Project 1: Neural Basis of Muscle Action Loops

项目 1：肌肉动作环的神经基础

• 批准号: 9444305
• 负责人: John Tuthill
• 金额: $ 65.17万
• 依托单位: CALIFORNIA INSTITUTE OF TECHNOLOGY
• 依托单位国家: 美国
• 资助国家: 美国
• 起止时间: 至
• 项目状态: 未结题
• 来源: https://reporter.nih.gov/project-details/9444305
• 关键词: Action Potentials; Adaptive Behaviors; Affect; Afferent Neurons; Animals; Architecture; Axon; Back; Behavior; Behavioral; Brain; Breathing; Complex; Dancing; Dendrites; Electrophysiology (science); Elements; Environment; Equilibrium; Face; Feedback; Functional Imaging; Gait; Genetic; Goals; Grasshoppers; Human; Insecta; Internet; Invertebrates; Lead; Leg; Maps; Mechanics; Motor; Motor Activity; Motor Neurons; Motor output; Movement; Muscle; Muscle Cells; Muscle Contraction; Nervous system structure; Neurons; Output; Pathway interactions; Pattern; Population; Population Heterogeneity; Proprioceptor; Role; Running; Sensory; Signal Transduction; Songbirds; Speed; Synapses; Testing; Time; Vertebrates; Walking; Wing; Work; cell type; flexibility; fly; motor control; motor neuron function; neuromechanism; neuroregulation; programs; relating to nervous system; sensory feedback; tool

Project 1: The Neural Basis of Muscle Action Loops Abstract The goal of Project 1 is to identify neural mechanisms of sensorimotor processing within low-level muscle action loops that control walking and flight behavior.

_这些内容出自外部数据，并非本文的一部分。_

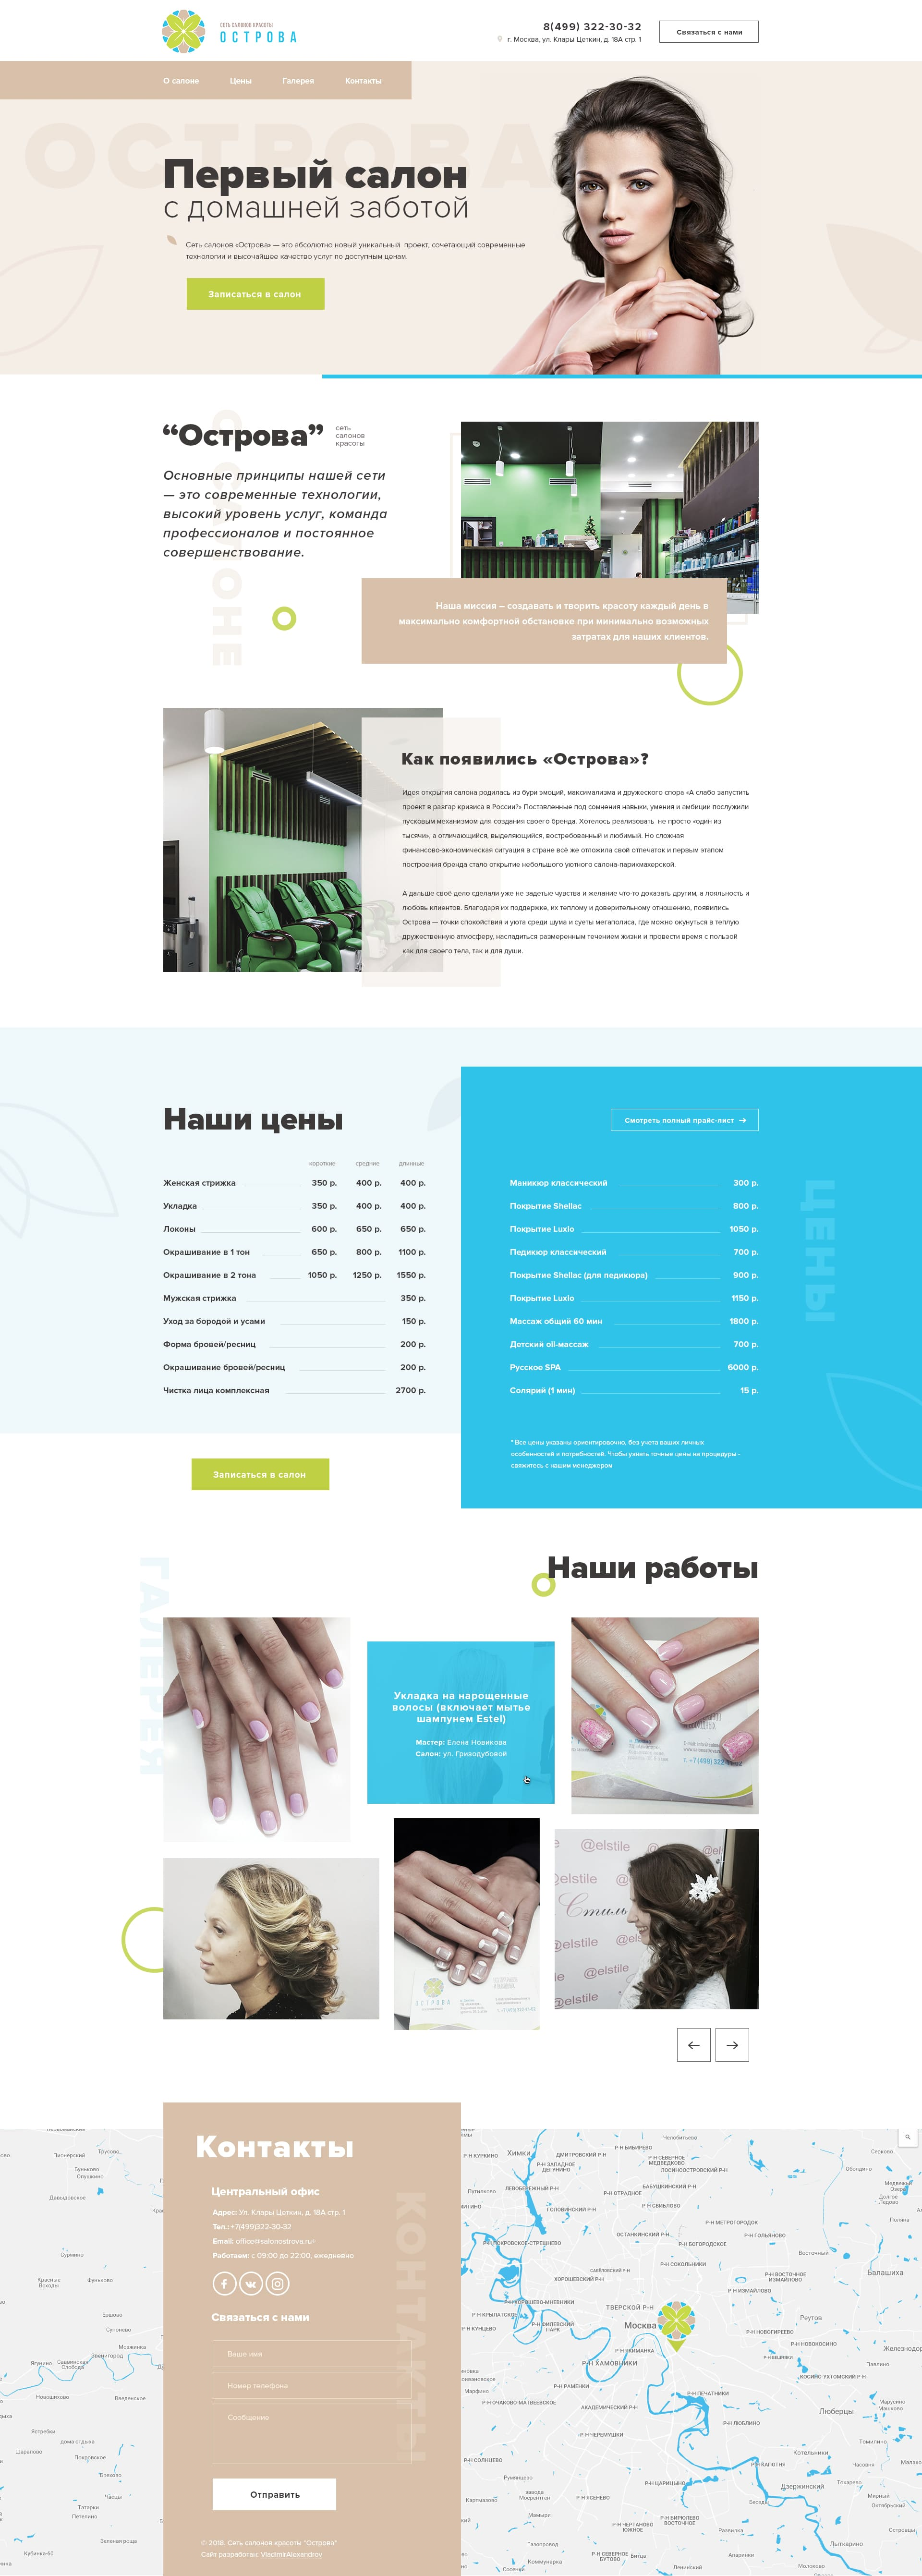 https://vladimir-alexandrov.com/wp-content/uploads/2018/06/Ostrova4-min.jpg

Acting at the interface between the nervous system and the body, muscle action loops face a daunting set of demands: they must operate with both speed and precision, while retaining the flexibility and robustness necessary to function in diverse, unpredictable environments. To understand how motor control circuits balance these demands to control adaptive behavior, we will combine cell-type specific genetic tools with electrophysiology, functional imaging, and behavioral analysis in the fly. We will first investigate how activity within diverse populations of motor neurons interacts to produce muscle contraction and complex body movements. We will then ask how proprioceptive feedback signals are integrated with ongoing motor commands to adapt and refine behavioral output. Finally, we will work to understand how low-level muscle action loops interact with descending neuromodulatory signals to generate patterned motor activity. These experimental and theoretical efforts are divided into the following Specific Aims: Specific Aim 1: Investigate how motor neurons robustly control body movement. Specific Aim 2: Determine the role of proprioceptive feedback in fine-tuning precise motor output. Specific Aim 3: Identify origins and mechanisms of sensorimotor neuromodulation that contribute to flexible locomotor behavior.

项目1：肌肉动作环的神经基础 摘要 项目1的目标是确定低水平感觉运动加工的神经机制。 控制行走和飞行行为的肌肉动作环。在两个对象之间的界面上起作用 神经系统和身体，肌肉动作环面临着一系列令人望而生畏的要求：它们必须 既有速度又有精度，同时还保留了在 多样化的、不可预测的环境。要了解电机控制电路如何平衡这些需求 为了控制适应行为，我们将结合细胞类型特定的遗传工具和电生理学， 功能成像和飞行中的行为分析。我们将首先调查内部活动是如何 不同群体的运动神经元相互作用，产生肌肉收缩和复杂的身体 动静。然后我们会问本体感觉反馈信号是如何与正在进行的运动整合的 调整和优化行为输出的命令。最后，我们将努力了解低级别 肌肉动作环与下行的神经调节信号相互作用，产生模式运动 活动。这些实验和理论工作分为以下具体目标： 具体目标1：研究运动神经元如何强健地控制身体运动。 具体目标2：确定本体感觉反馈在微调精确度中的作用 马达输出。 具体目标3：确定感觉运动神经调节的起源和机制 有助于灵活的运动行为。